Firstly, we analyzed the influence of pH on IgM cleavage (Fig. 4b). IgMs were trimmed more efficiently at neutral and alkaline pH than under acidic conditions. The result suggested that the cleaving factor cannot be a lysosomal protease.

Then, we analyzed whether the cleaving factor is secreted or is an intracellular protein occasionally released from dying cells. Most of the serum proteins are produced by hepatocytes. Thus we verified if the Hep G2 human hepatoma cell line secretes the cleaving factor. IgM trimming occurred during incubation of the antibody both in Hep G2 conditioned medium (Fig. 4c) and in Hep G2 cell lysate (Fig. 4d). Moreover, the cleaving factor could be concentrated by ultrafiltration using a 3 kDa cut-off membrane (Fig. 4c). The filtrate containing molecules with Mw lower than 3 kDa and negligible amount of proteins (∼20 μg/ml) did not induce IgM trimming, indicating that the cleaving factor is not a low Mw compound.

Following up on these results, we tried to fractionate the conditioned medium on Cibacron Blue resin, which binds many enzymes as well as serum albumin[19]. The results indicated that the resin retained the cleaving factor, because the flow-through fraction did not induce IgM truncation (Fig. 4d). The conditioned medium was also fractionated using glycoprotein-specific Concanavalin A resin. We observed that both the glycoprotein fraction and the flow-through fraction induced IgM truncation (data not shown). Although we searched for a specific factor involved in IgM trimming, the results suggested that there are different, secreted and intracellular, glycosylated and non-glycosylated, factors able to induce this phenomenon. This observation led us to the question on whether any protein could trigger μ’ generation.

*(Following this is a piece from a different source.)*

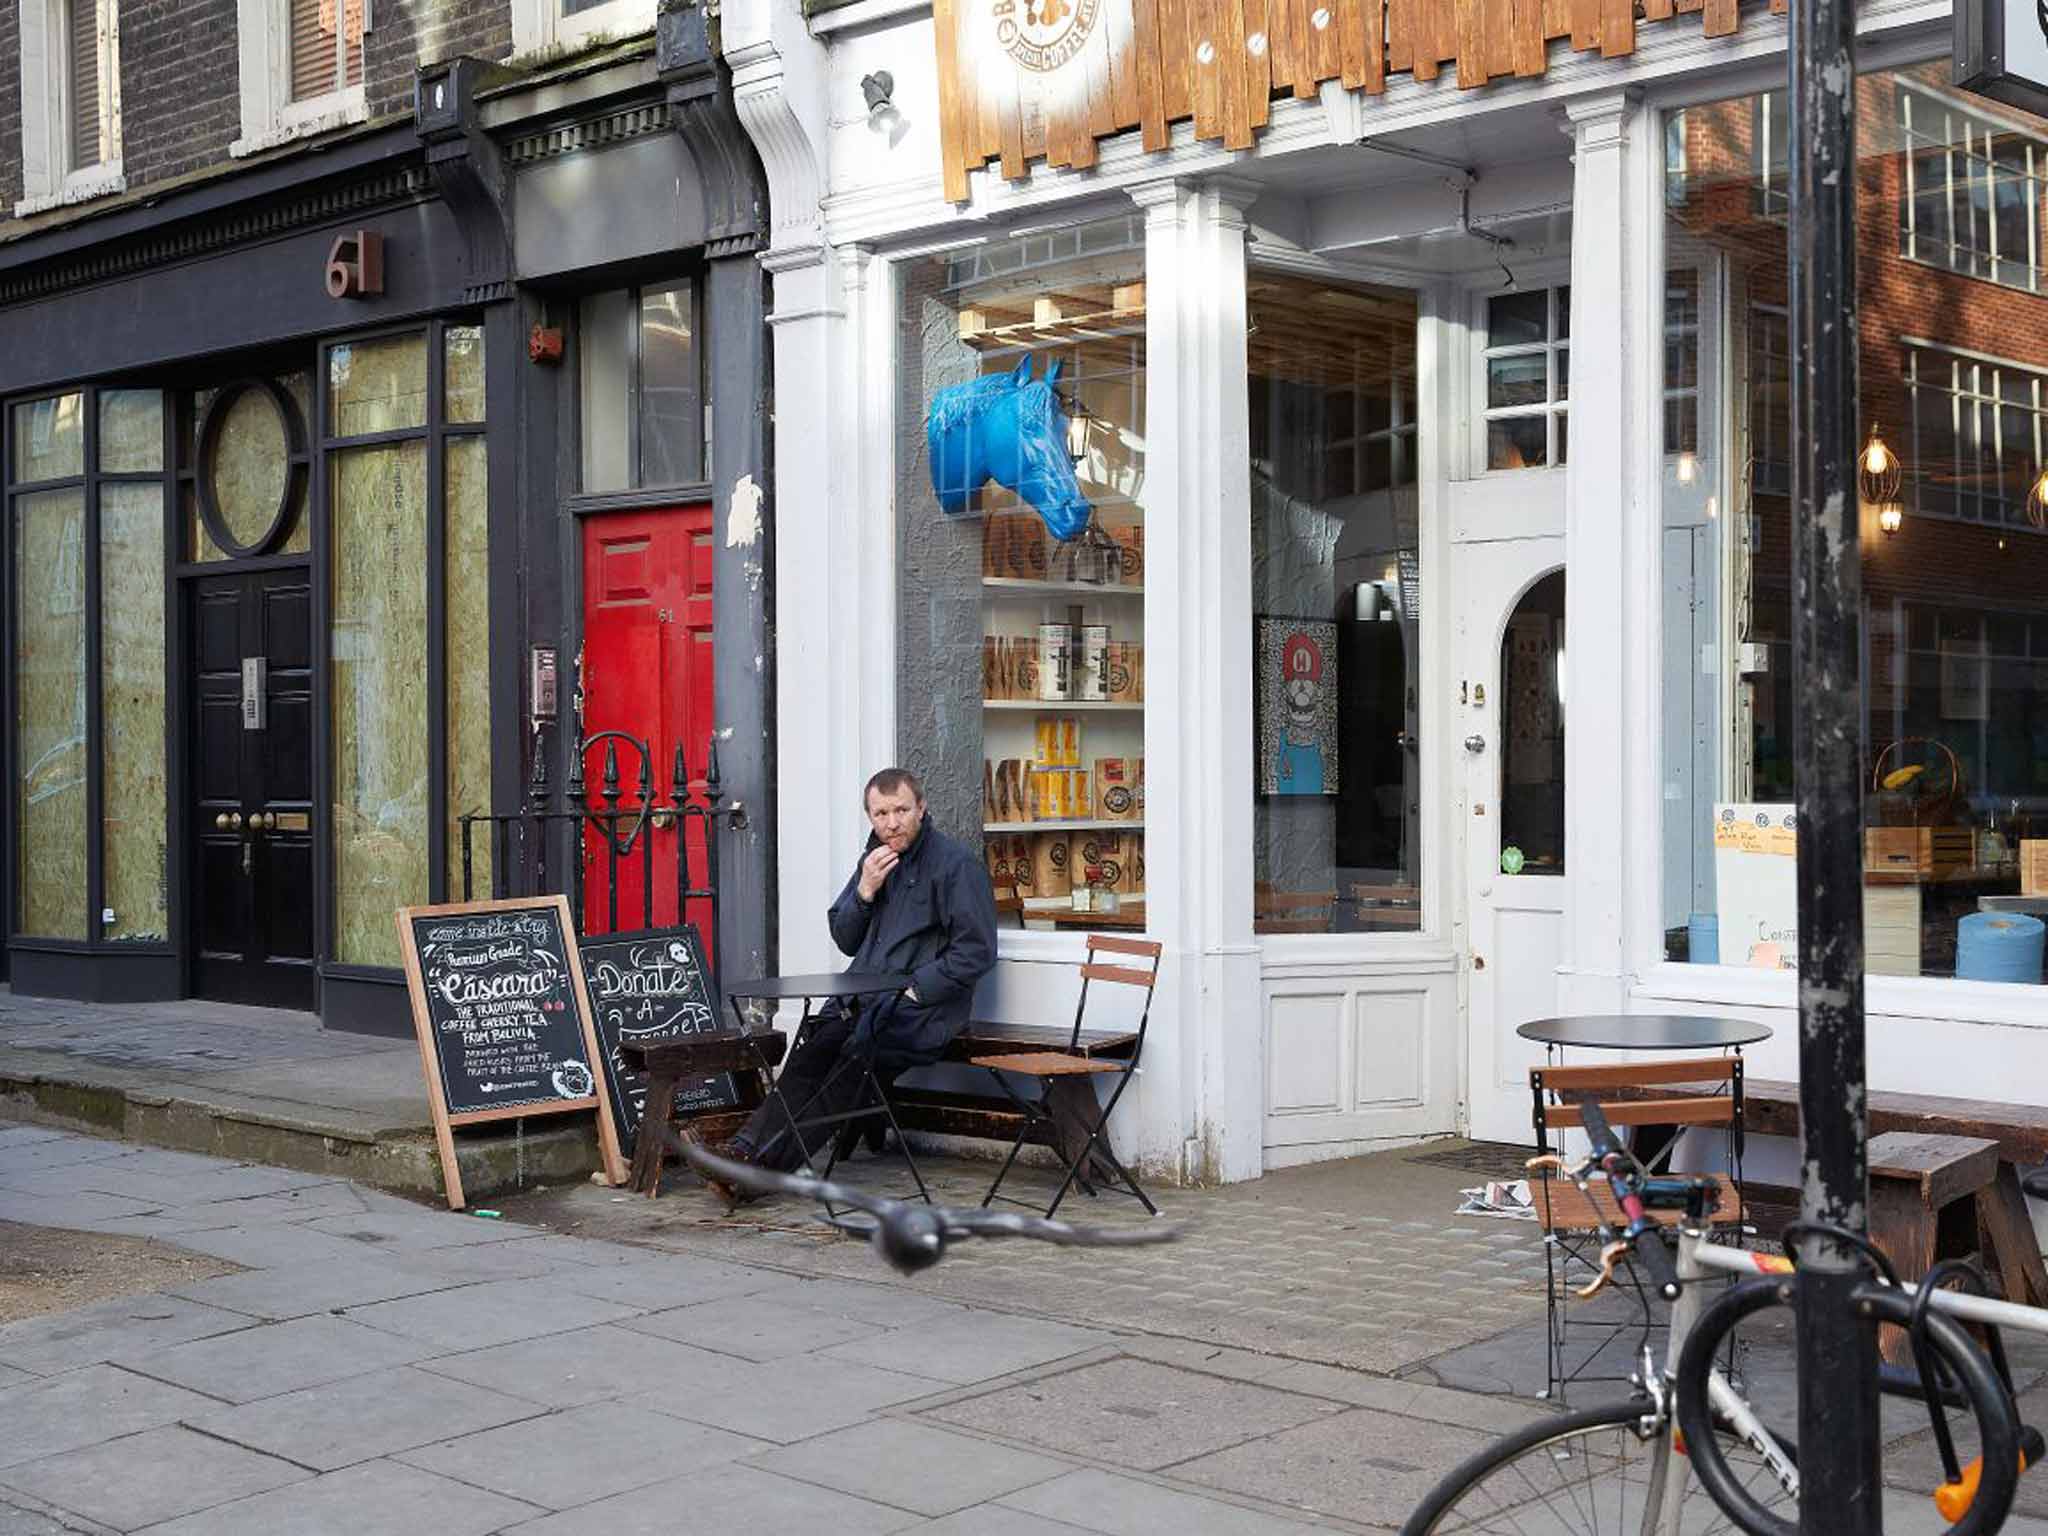 Guy Ritchie, waiting for a coffee at his local café in Fitzrovia

To gain insight into IgM stability in the presence of other proteins we incubated IgM with an excess of BSA or other purified proteins that were readily available in our laboratory. The physiological serum level of albumin is about 20 mg/ml[20]. IgM concentration in non-immunized mouse serum reaches about 0.2 mg[21] and increases after exposure to an antigen[7]. In our experiments we preserved the physiologic ratio between concentrations of albumin and IgM (100:1) and, for the experimental convenience, the total protein concentration was about 20 times lower than that in normal mouse serum.

This experiment revealed that IgM cleavage was induced, beyond BSA preparation, also by other acidic proteins: protein A, infrared fluorescent protein (IRFP) and soybean trypsin inhibitor (Fig. 4e).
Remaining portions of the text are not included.